Problem statement: Your job with the data below is to output exactly the lines from the one holding "ant-apatternthy.xb" down to the one holding "Samsoe Samsoe Majan ss shirt CRYSTAL PINK", both included, and no others.

Provided material:
★ ★ ★ ★ ★
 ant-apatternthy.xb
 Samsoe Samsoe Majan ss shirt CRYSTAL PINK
★ ★ ★ ★ ★
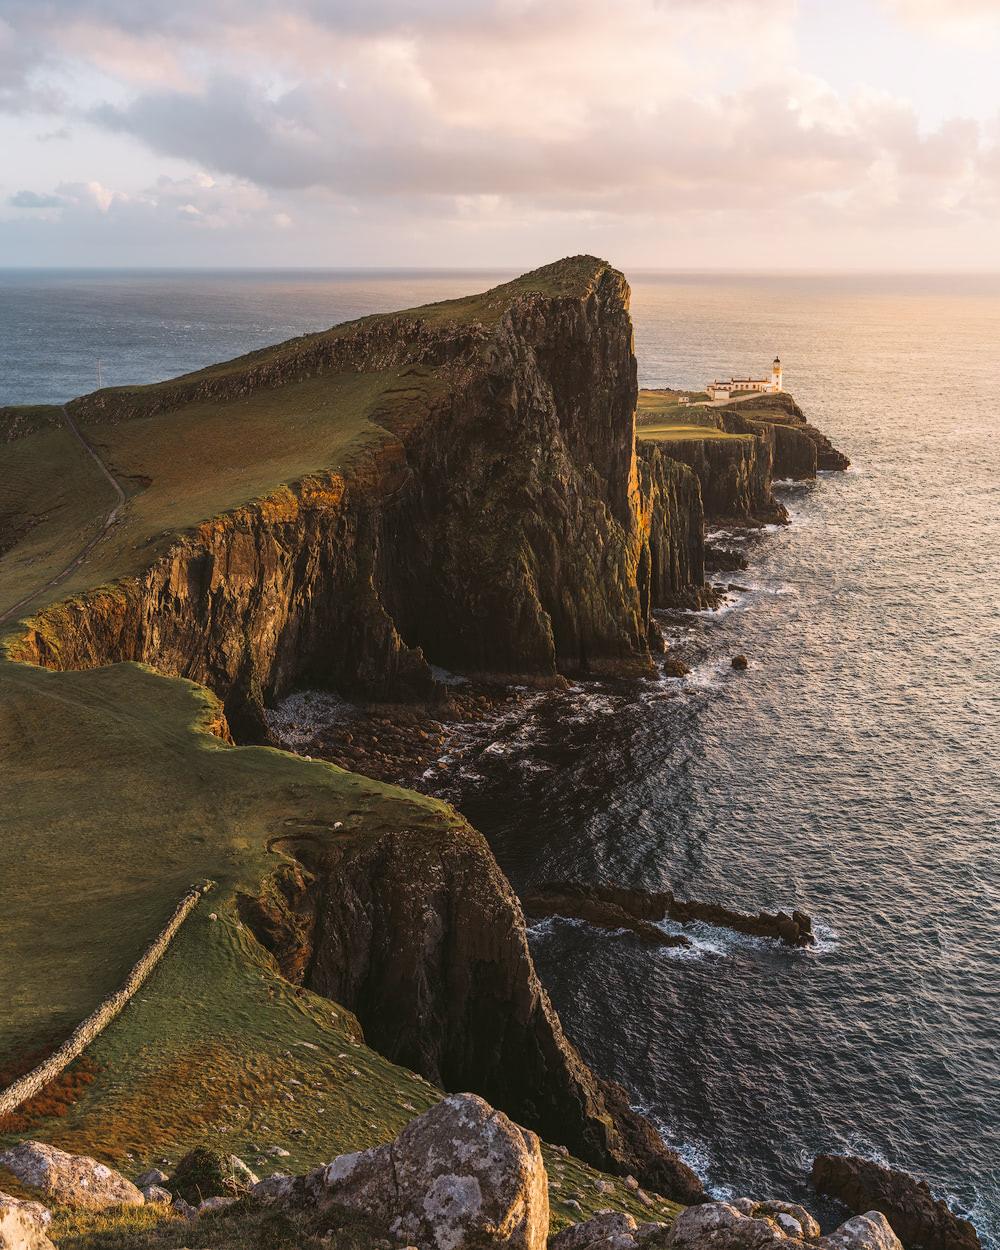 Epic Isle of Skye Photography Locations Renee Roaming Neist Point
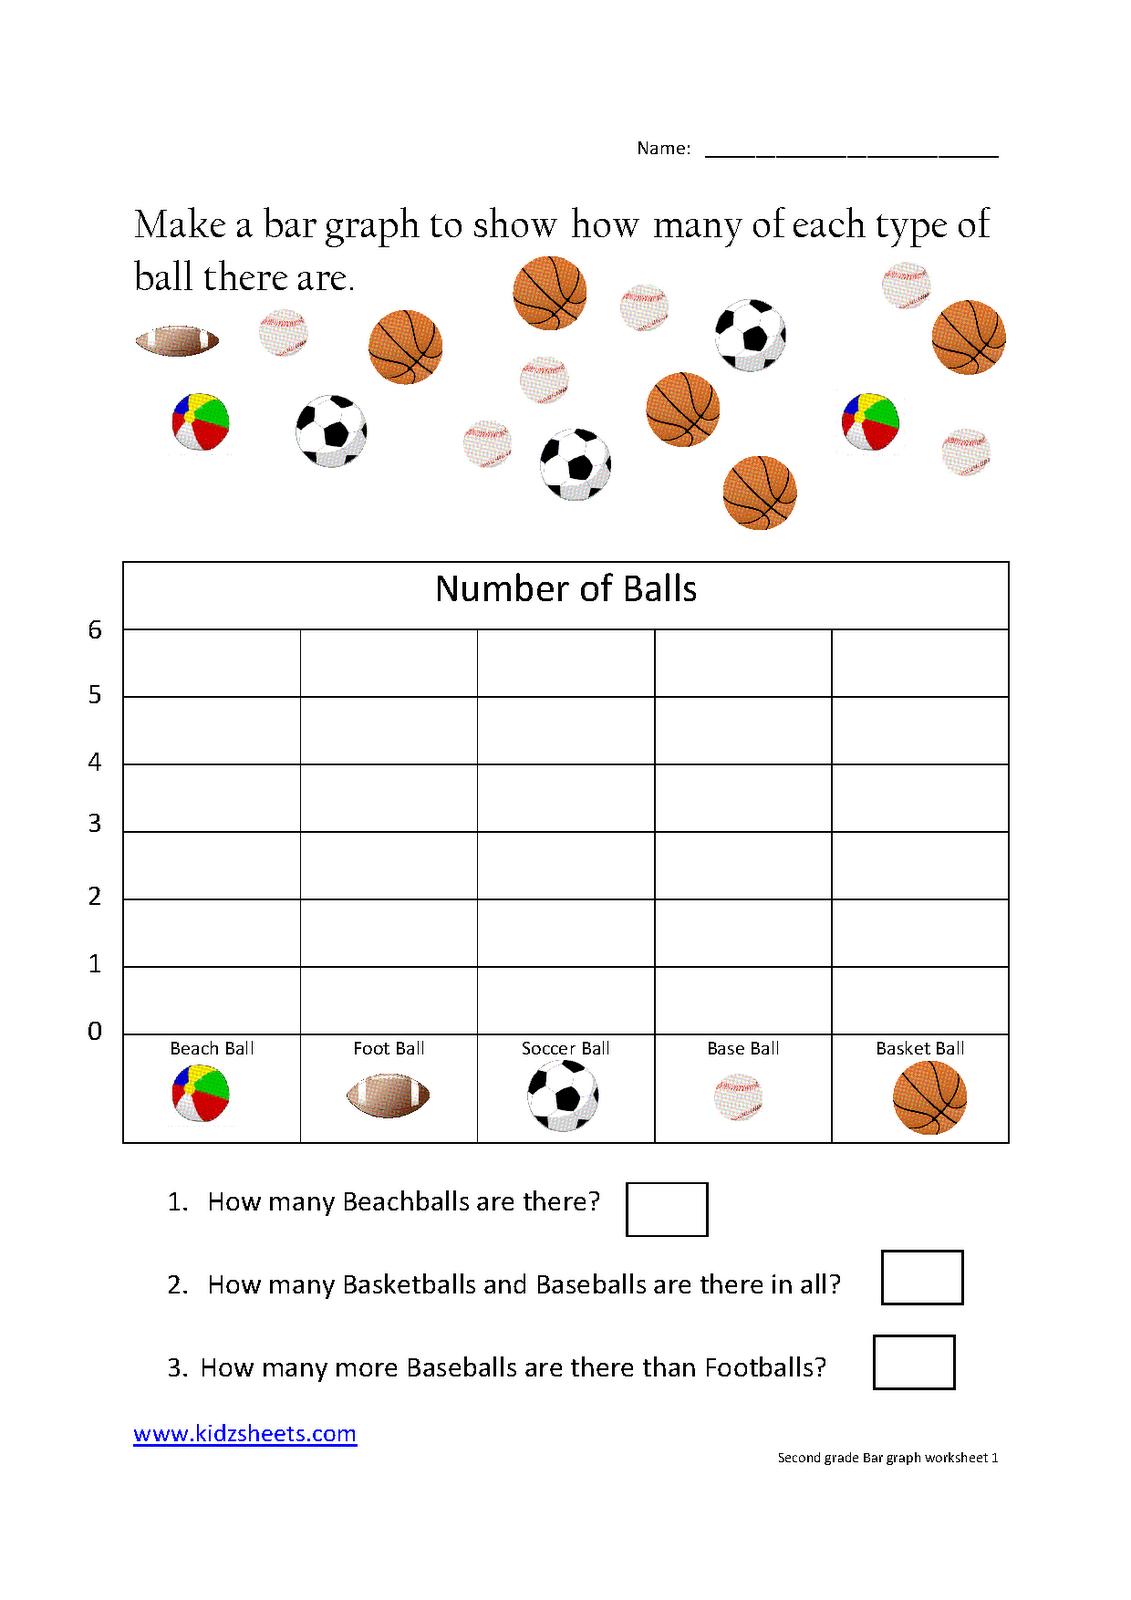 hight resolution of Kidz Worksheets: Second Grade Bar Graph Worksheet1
★ ★ ★ ★ ★
Written answer:
 ant-apatternthy.xb
 Samsoe Samsoe Majan ss shirt CRYSTAL PINK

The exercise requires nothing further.